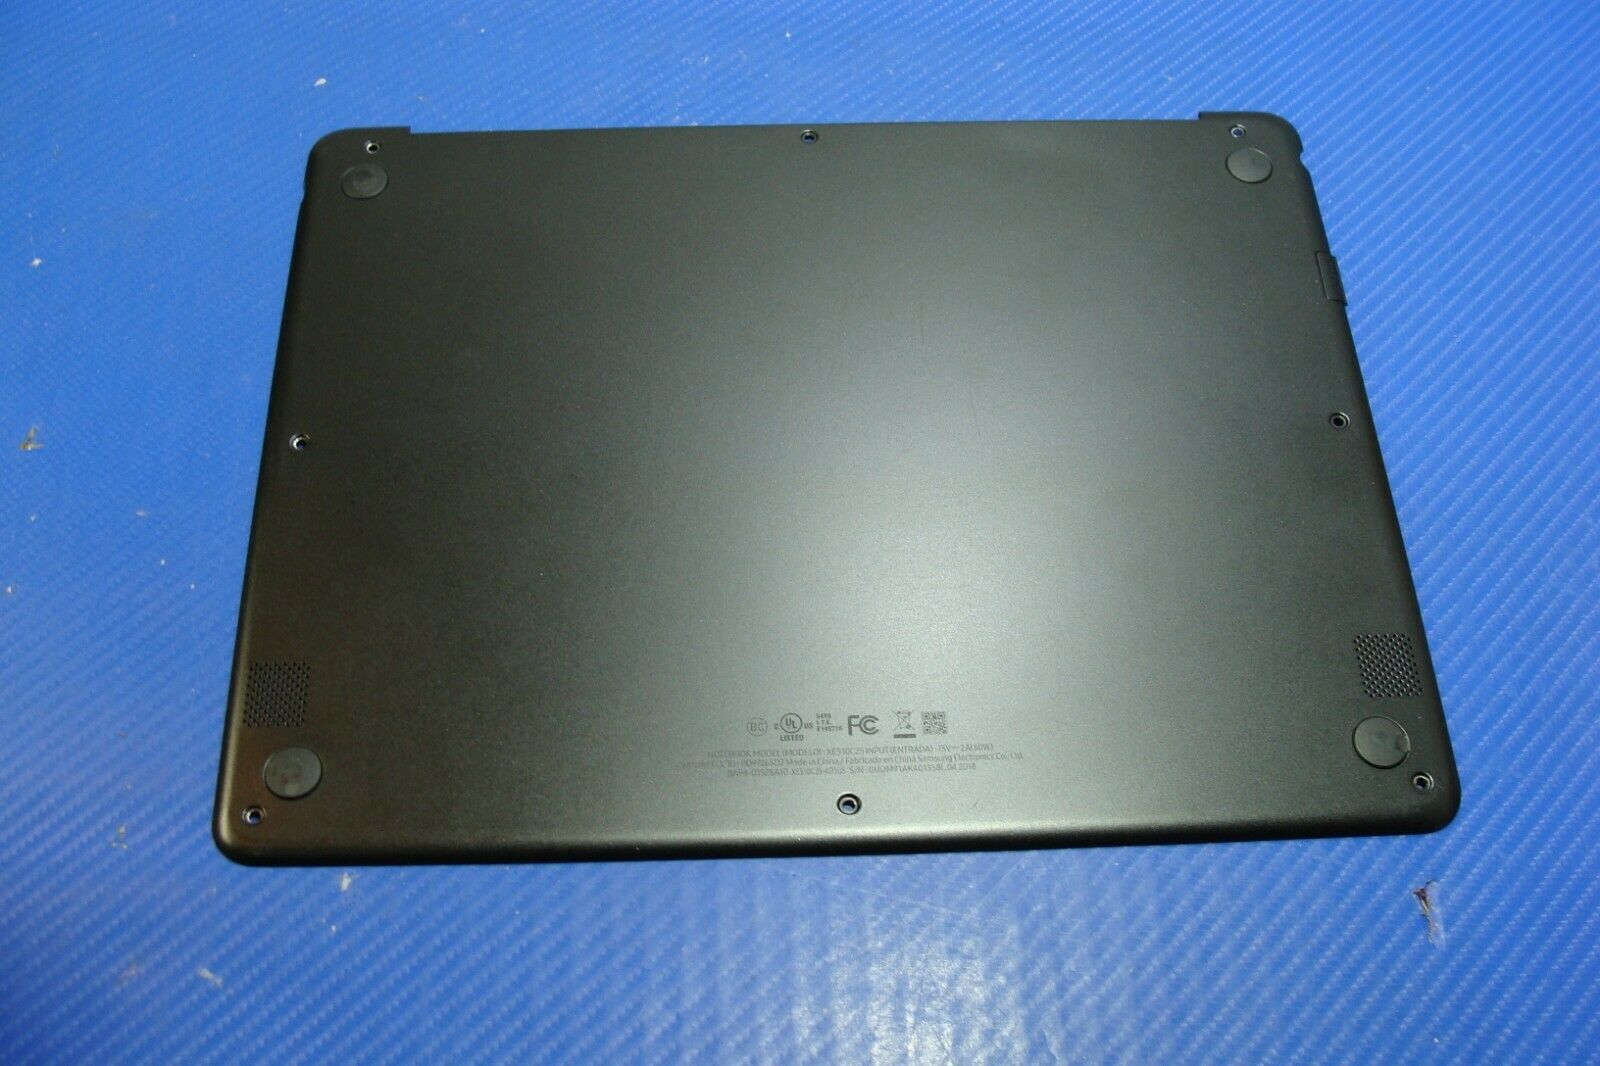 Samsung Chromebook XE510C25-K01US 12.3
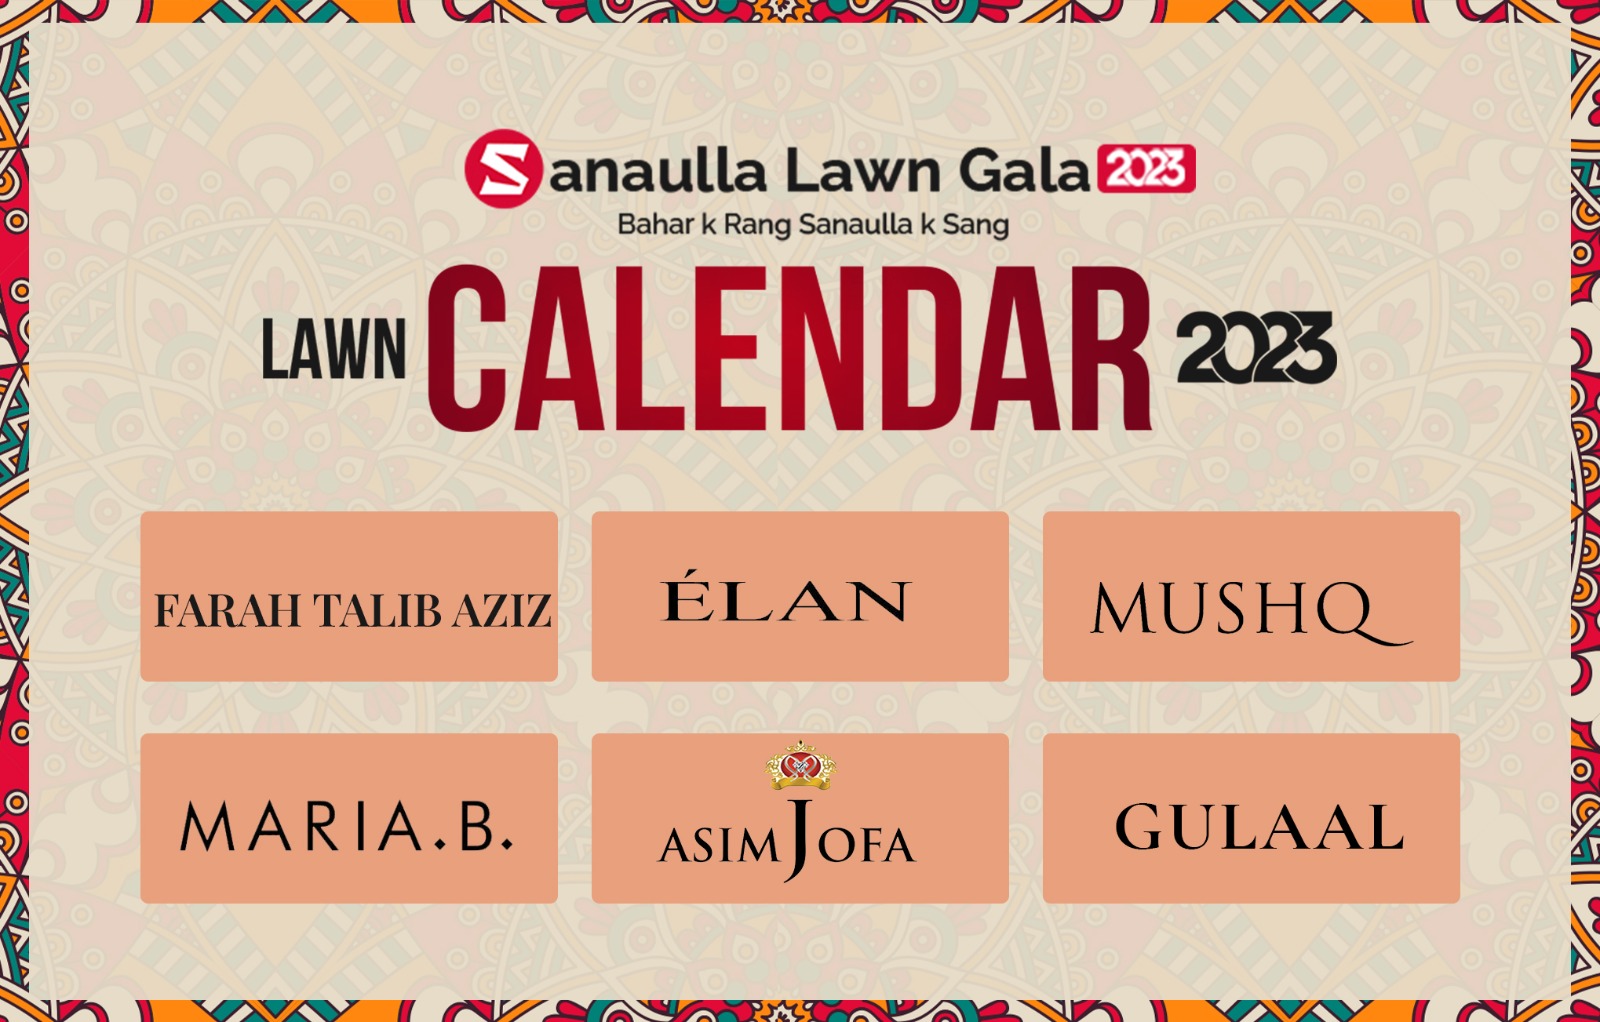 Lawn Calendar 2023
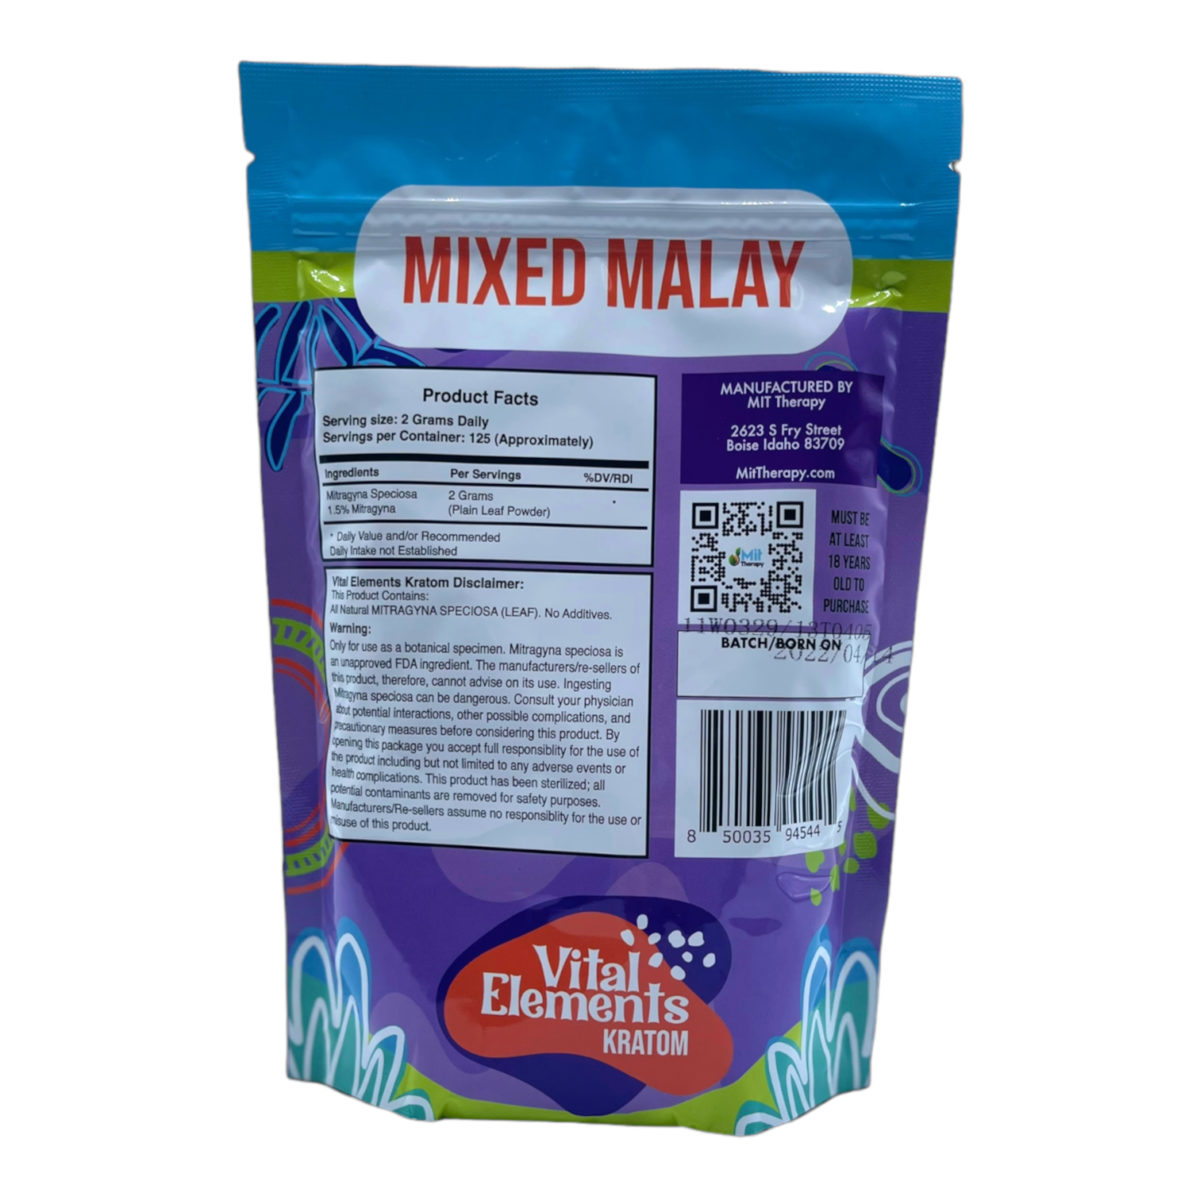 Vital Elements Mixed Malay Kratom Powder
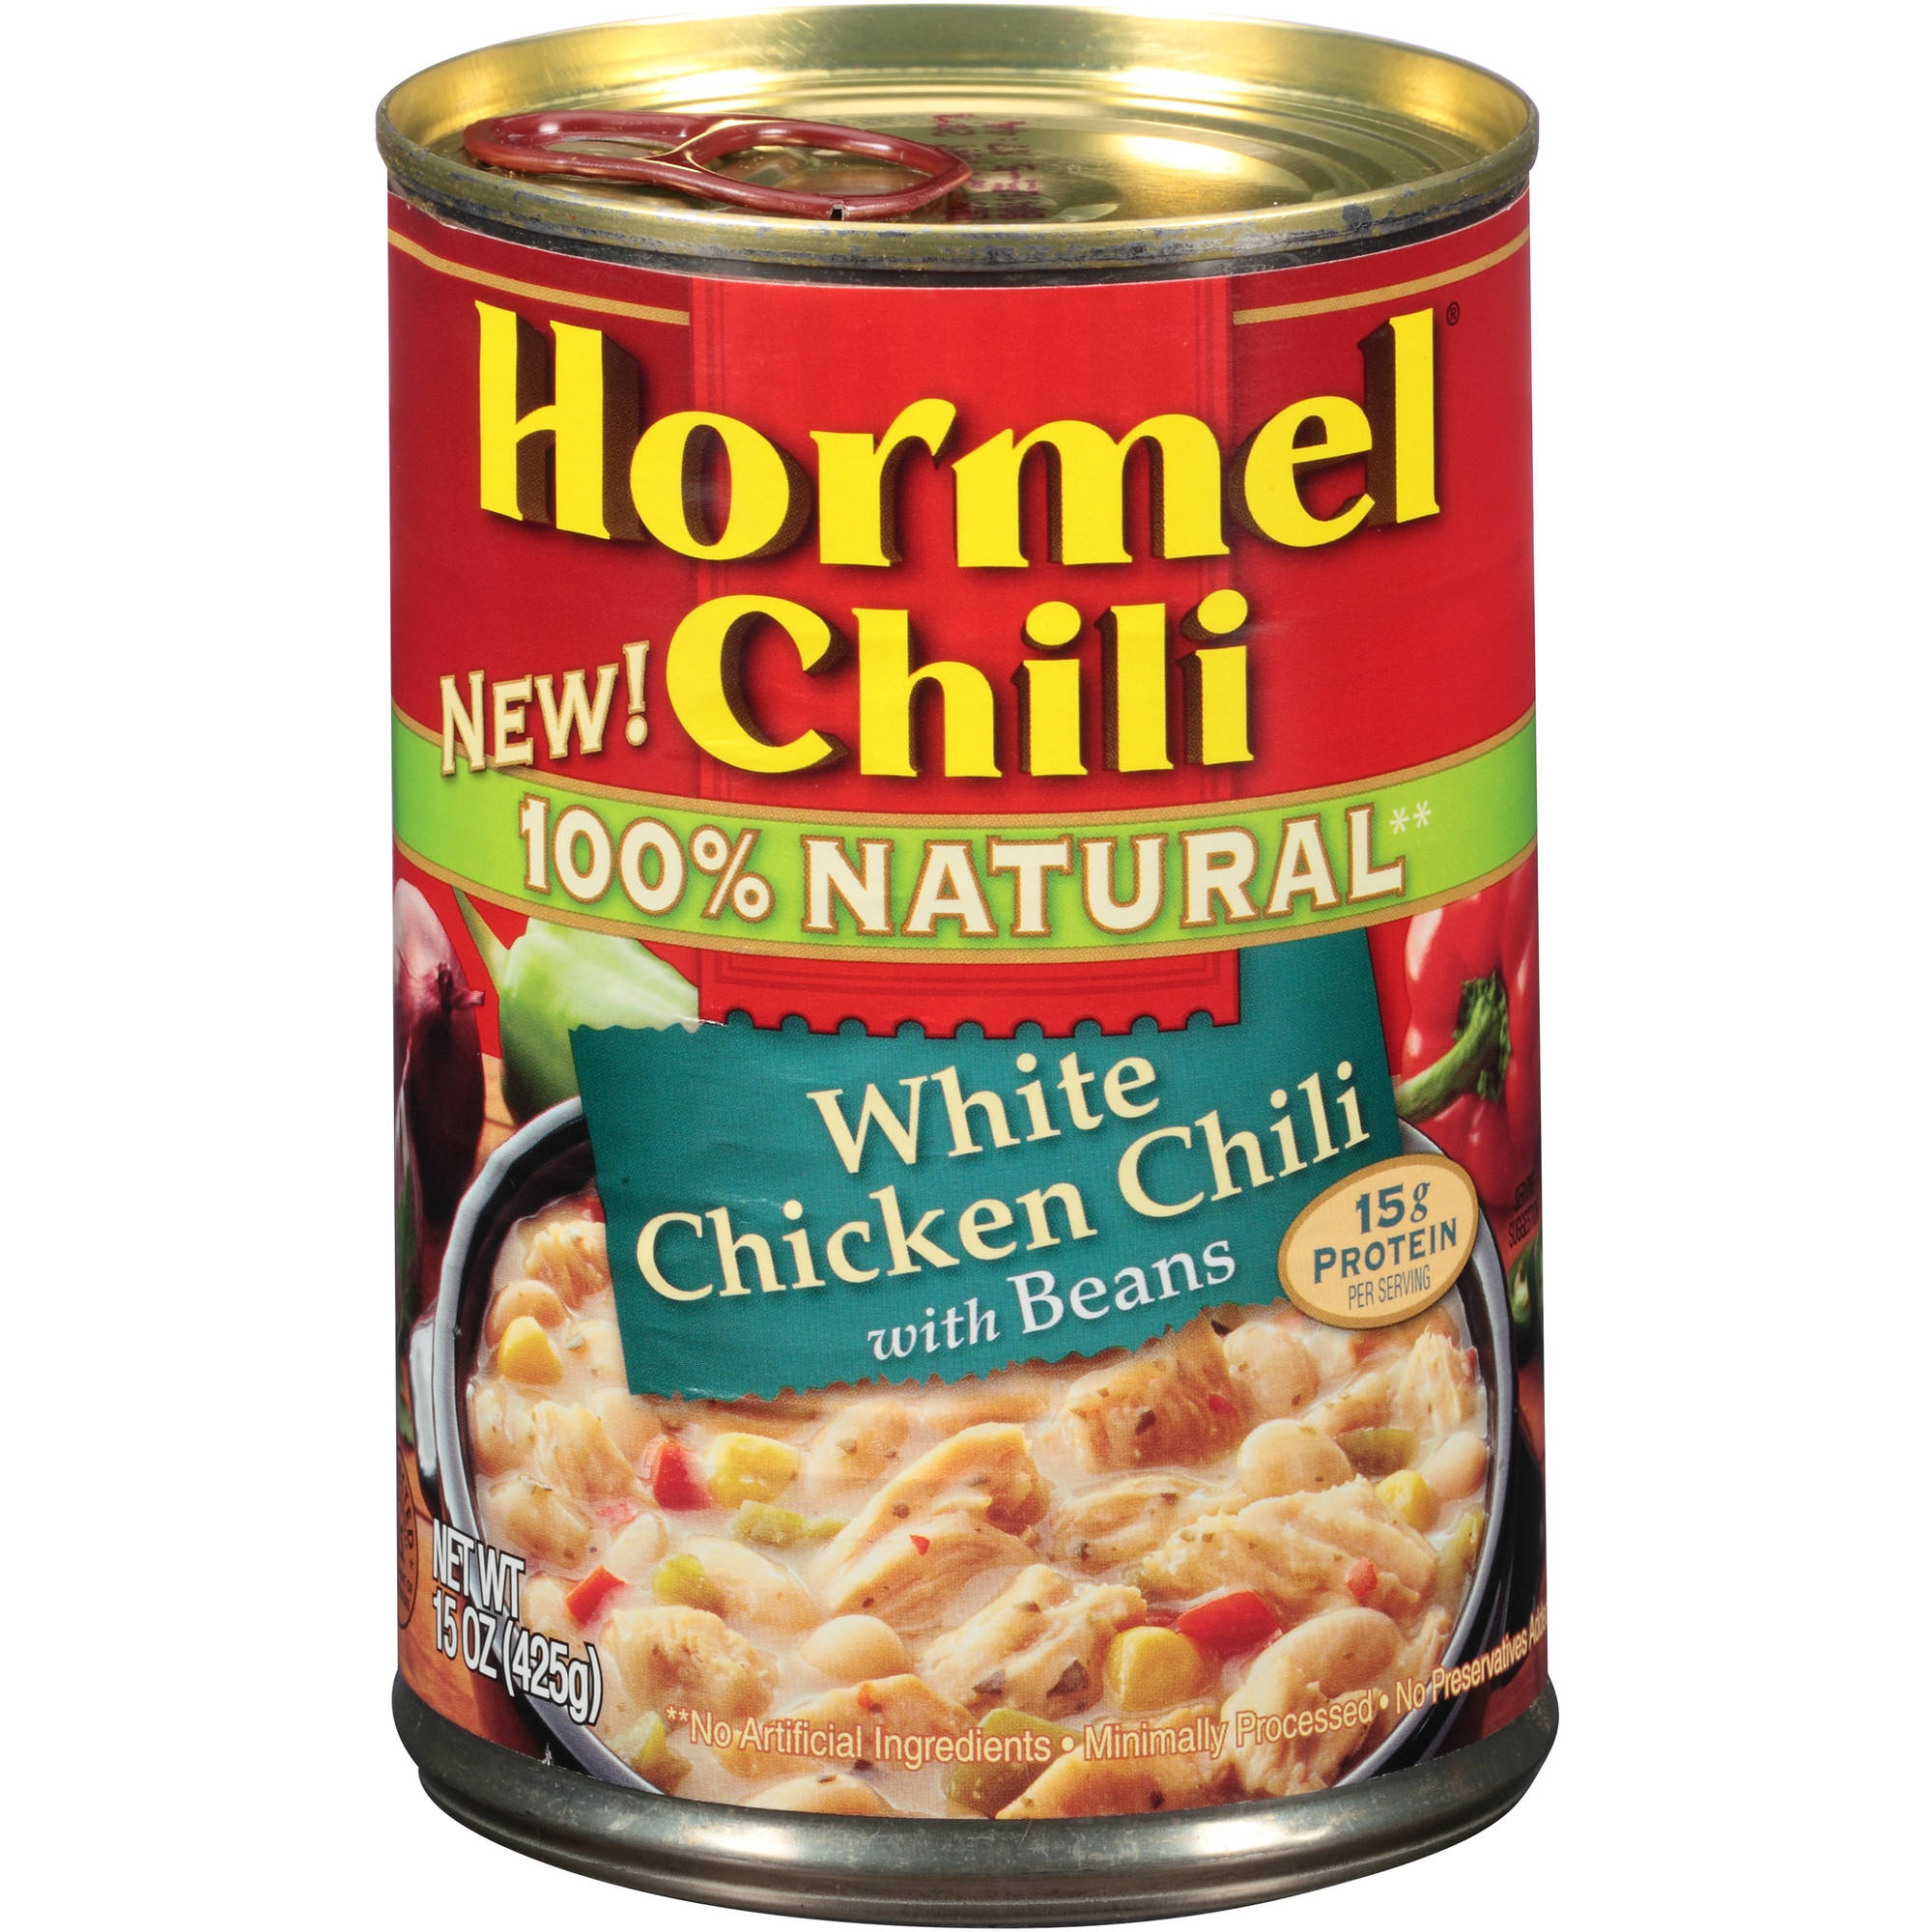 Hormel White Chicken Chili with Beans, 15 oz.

____________

WHAT YOU WILL DO —
Reproduce precisely the lines of the listing above, from the line containing "Lawn Calendar 2023" to the last line, both ends included. Pictures are to be omitted.

TASK OUTPUT —
 Lawn Calendar 2023
 Vital Elements Mixed Malay Kratom Powder
 Hormel White Chicken Chili with Beans, 15 oz.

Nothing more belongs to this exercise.